Laura Carreira’s impressive debut drama sees a quietly excellent Joana Santos endure dehumanising work conditions while looking for a way out

The human cost of the online convenience shopping revolution is, arguably, still to be properly addressed in cinema or any other art form. Chloé Zhao’s 2020 Oscar winner Nomadland was, rightly or wrongly, criticised in some quarters for going easy on working conditions in the Amazon warehouse where she was allowed to film. This outstanding debut feature from the Scotland-based Portuguese film-maker Laura Carreira returns us to the subject, reminding us that the business of choosing items in the gigantic and ironically named “fulfilment centre” is not done by robots, but stressed human beings with the Steinbeckian job description of “pickers”, rushing along vast warehouse shelves, their work rate ruthlessly assessed by digital handsets. (It reminded me of the excellent Sorry We Missed You by Ken Loach, whose production company Sixteen Films has also brought out this film.)

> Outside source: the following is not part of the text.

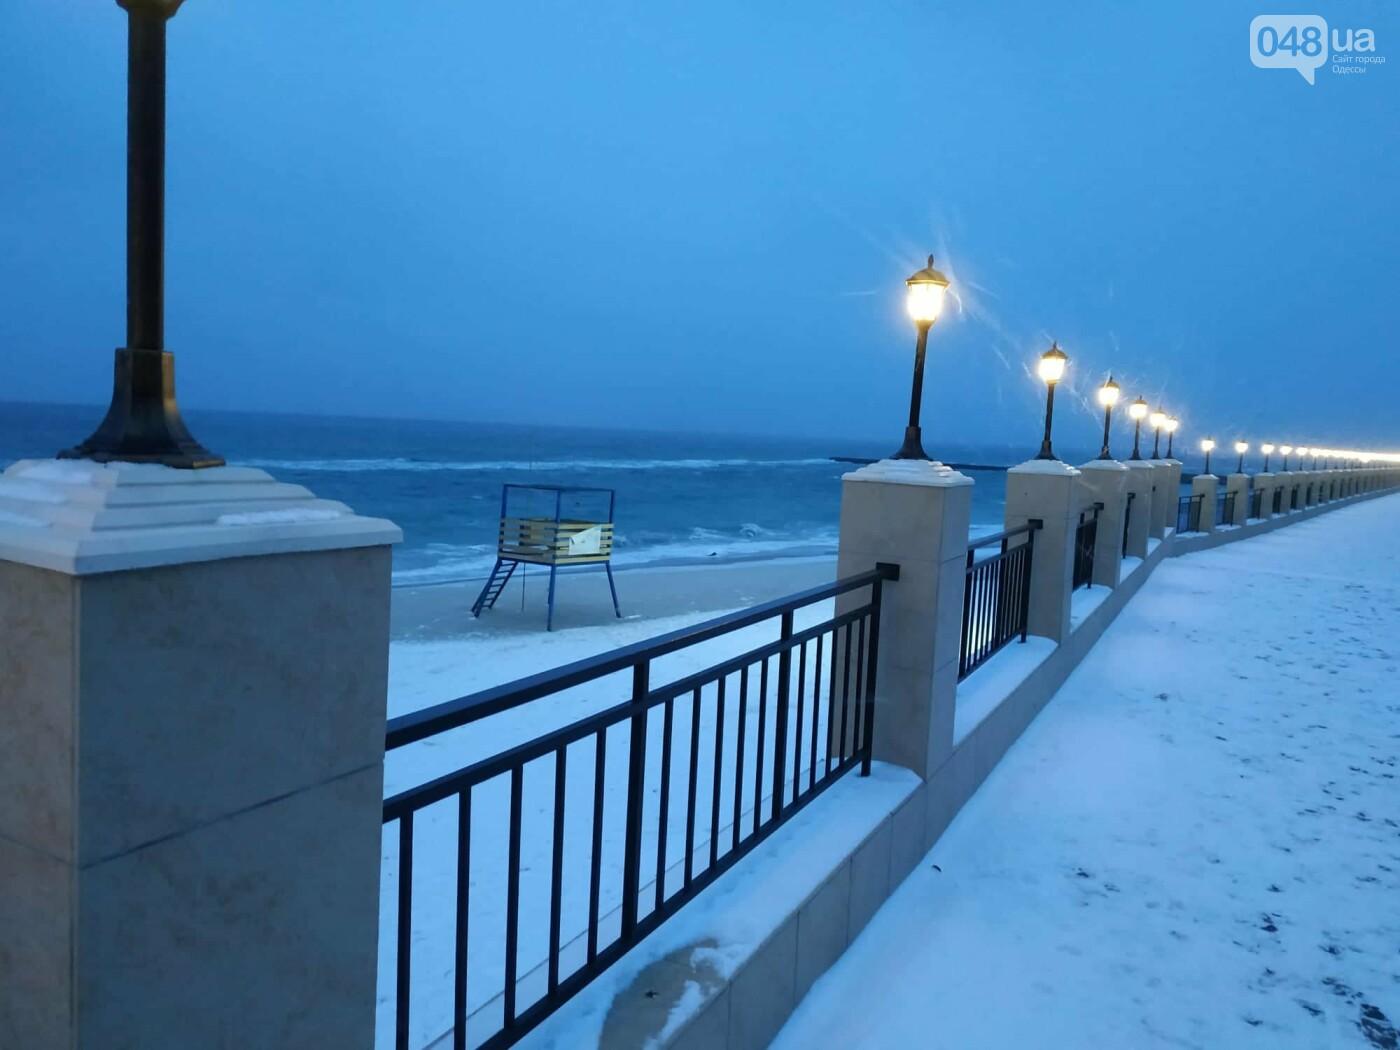 Заснеженные одесские пляжи вечером: вот где стоит прогуляться, - ФОТО, фото-7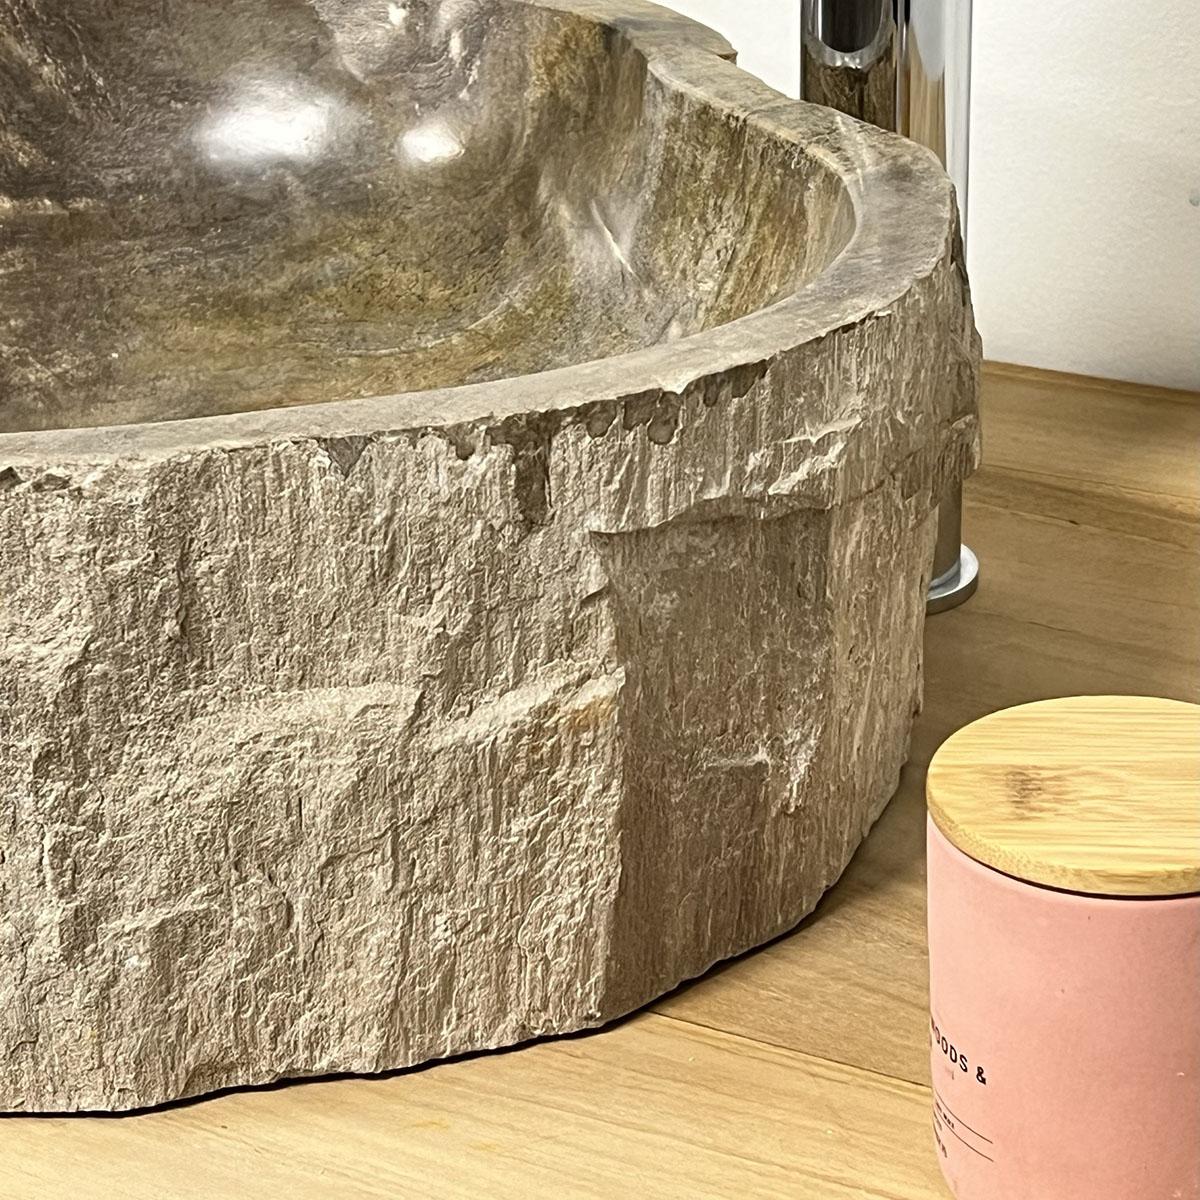 Double vasques de salle de bain en bois pétrifié fossilisé ...

It does not look as if Carreira has shot in a real warehouse, but the film looks convincing enough as her camera keeps very tight into the workers and their field of vision as they roam retail warehouse corridors. Portuguese screen star Joana Santos gives a quietly excellent performance as Aurora, an exploited worker in a fulfilment centre in Scotland. She gets a lift to and from work with a Portuguese colleague who has to gently remind her to contribute to the petrol. She works very hard, and is rewarded with a humiliating and demeaning little prize: a chocolate bar which the manager beamingly tells her to choose from a box on his desk.